Het herstelfonds is niet alleen ambitieus in omvang, de Commissie wil het herstel ook aangrijpen om extra in te zetten op eerder geformuleerde prioriteiten als de Green Deal. Onder de filmische titel ‘Next Generation EU’ schetst ze in een dik plan hoe ze de wederopbouw wil gebruiken om te vergroenen, minder afhankelijk te worden van grootmachten als China en de VS en beter voorbereid te zijn op crises.
Het nieuwe herstelfonds wordt ook nauw verbonden met de bestaande Europese meerjarenbegroting die volgend jaar moet starten. Ook die pot geld – in totaal circa 1.100 miljard voor zeven jaar – moet worden omgebogen om het herstelplan extra te versterken. Maar over het totaalpakket, dat optelt tot bijna 1.900 miljard euro, zal eerst een felle strijd worden gevoerd. Onder meer Nederland heeft grote bezwaren tegen meerdere onderdelen.
1
Hoe wil de Commissie aan zoveel geld komen?

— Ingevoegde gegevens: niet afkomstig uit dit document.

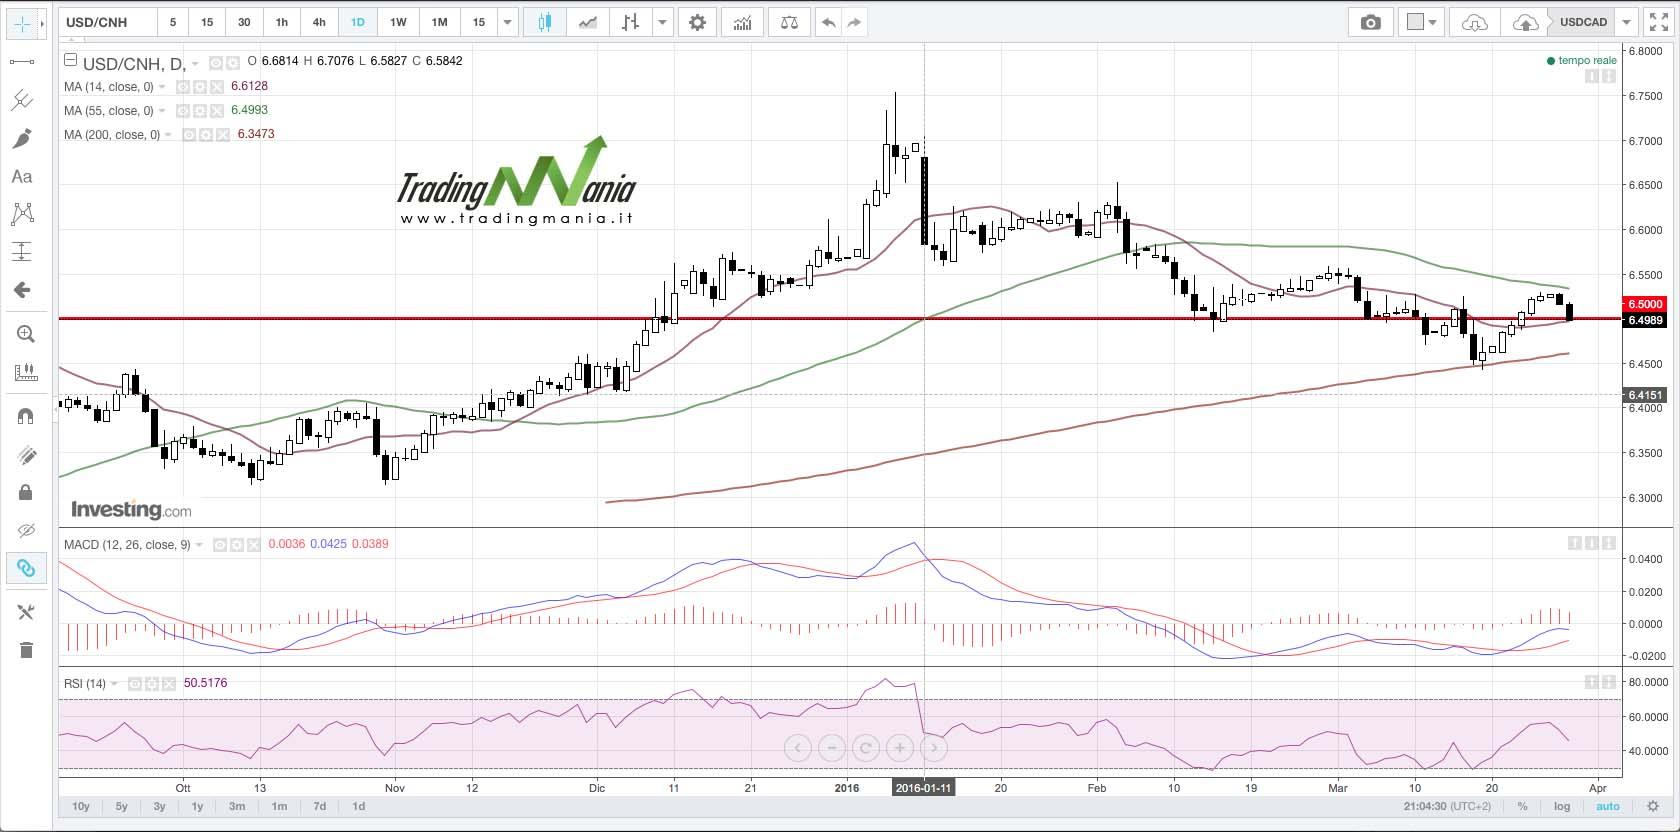 Strategia di trading su USDCNH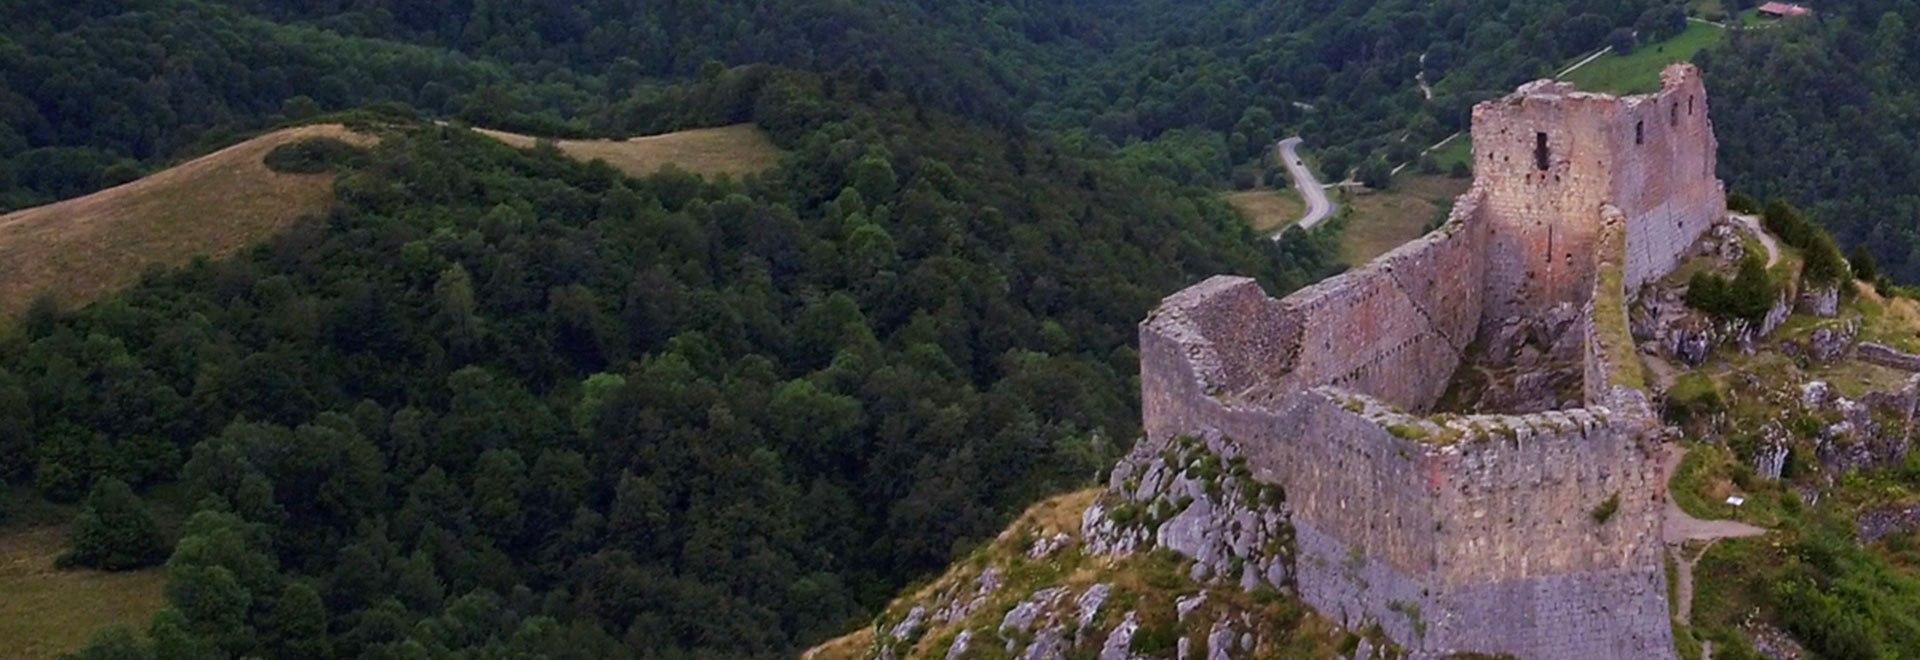 Castelli naturali

Ze wil de Europese meerjarenbegroting gebruiken als een hefboom om te lenen op de kapitaalmarkten. Dat is geen nieuwe constructie: het is eerder gebeurd in reactie op de eurocrisis. Het bedrag dat de Commissie wil lenen is nu wel vele malen groter: 750 miljard. Voorheen werd het geleende geld bovendien doorgeleend aan Europese lidstaten, die zelf verantwoordelijk waren voor de terugbetaling. Nu wil de Commissie het gros van het geleende geld zelf uitgeven: aan herstel- en wederopbouwprogramma’s in de lidstaten en aan een betere voorbereiding op crisissituaties. Voor de terugbetaling wordt de EU als geheel verantwoordelijk.
2
Hoe wordt het geld verdeeld? Lidstaten moeten bij de Commissie een „nationaal herstelplan” indienen, waarin ze precies uitleggen waaraan ze het geld willen besteden. De plannen moeten voldoende ‘groen’ zijn en bijdragen aan het versterken van de eigen economie. De Commissie beoordeelt, in samenspraak met alle lidstaten, waarna het geld in termijnen zal worden uitgekeerd. Voor de verdeling kijkt de Commissie alleen naar hoe groot de economische schade voor een lidstaat is. Italië en Spanje kunnen aanspraak maken op de hoogste bedragen: respectievelijk 81,8 en 77,3 miljard euro. Nederland zou 6,7 miljard kunnen aanvragen.
3
Komt het geld op tijd?
De Commissie wil haast maken met de onderhandelingen waardoor het geleende geld vanaf 1 januari kan worden ingezet. Omdat ze zich realiseert dat dat voor een land als Italië niet op tijd zal zijn, stelt ze ook voor lidstaten alvast te vragen om een voorschot op hun bijdrage voor de nieuwe EU-begroting.
4
Wie moet het geld terug gaan betalen?
Boud gezegd stelt de Commissie: dat is van later zorg. De aflossing begint op z’n vroegst in 2028. Mogelijk moeten lidstaten dan, naar draagkracht, extra gaan betalen. Liever wil de Commissie nieuwe gezamenlijke Europese belastingen instellen: onder meer een plastictoeslag, en een taks voor grote technologiebedrijven. Het geld dat de EU daarmee ophaalt zou volgens Brussel voldoende moeten zijn om de leningen af te lossen.
5
Wat vindt Nederland van het voorstel?
Nederland blijft vooralsnog bij haar standpunt: door de Commissie geleend geld kan alleen als lening aan lidstaten in nood worden verstrekt. Europese belastingen zullen in Nederland ook op weinig steun kunnen rekenen. Cruciaal is voor Nederland daarnaast vooral dat noodhulp nauw verbonden wordt aan hervormingen die de economie van lidstaten moet versterken.
6
Hoe gaat het nu verder?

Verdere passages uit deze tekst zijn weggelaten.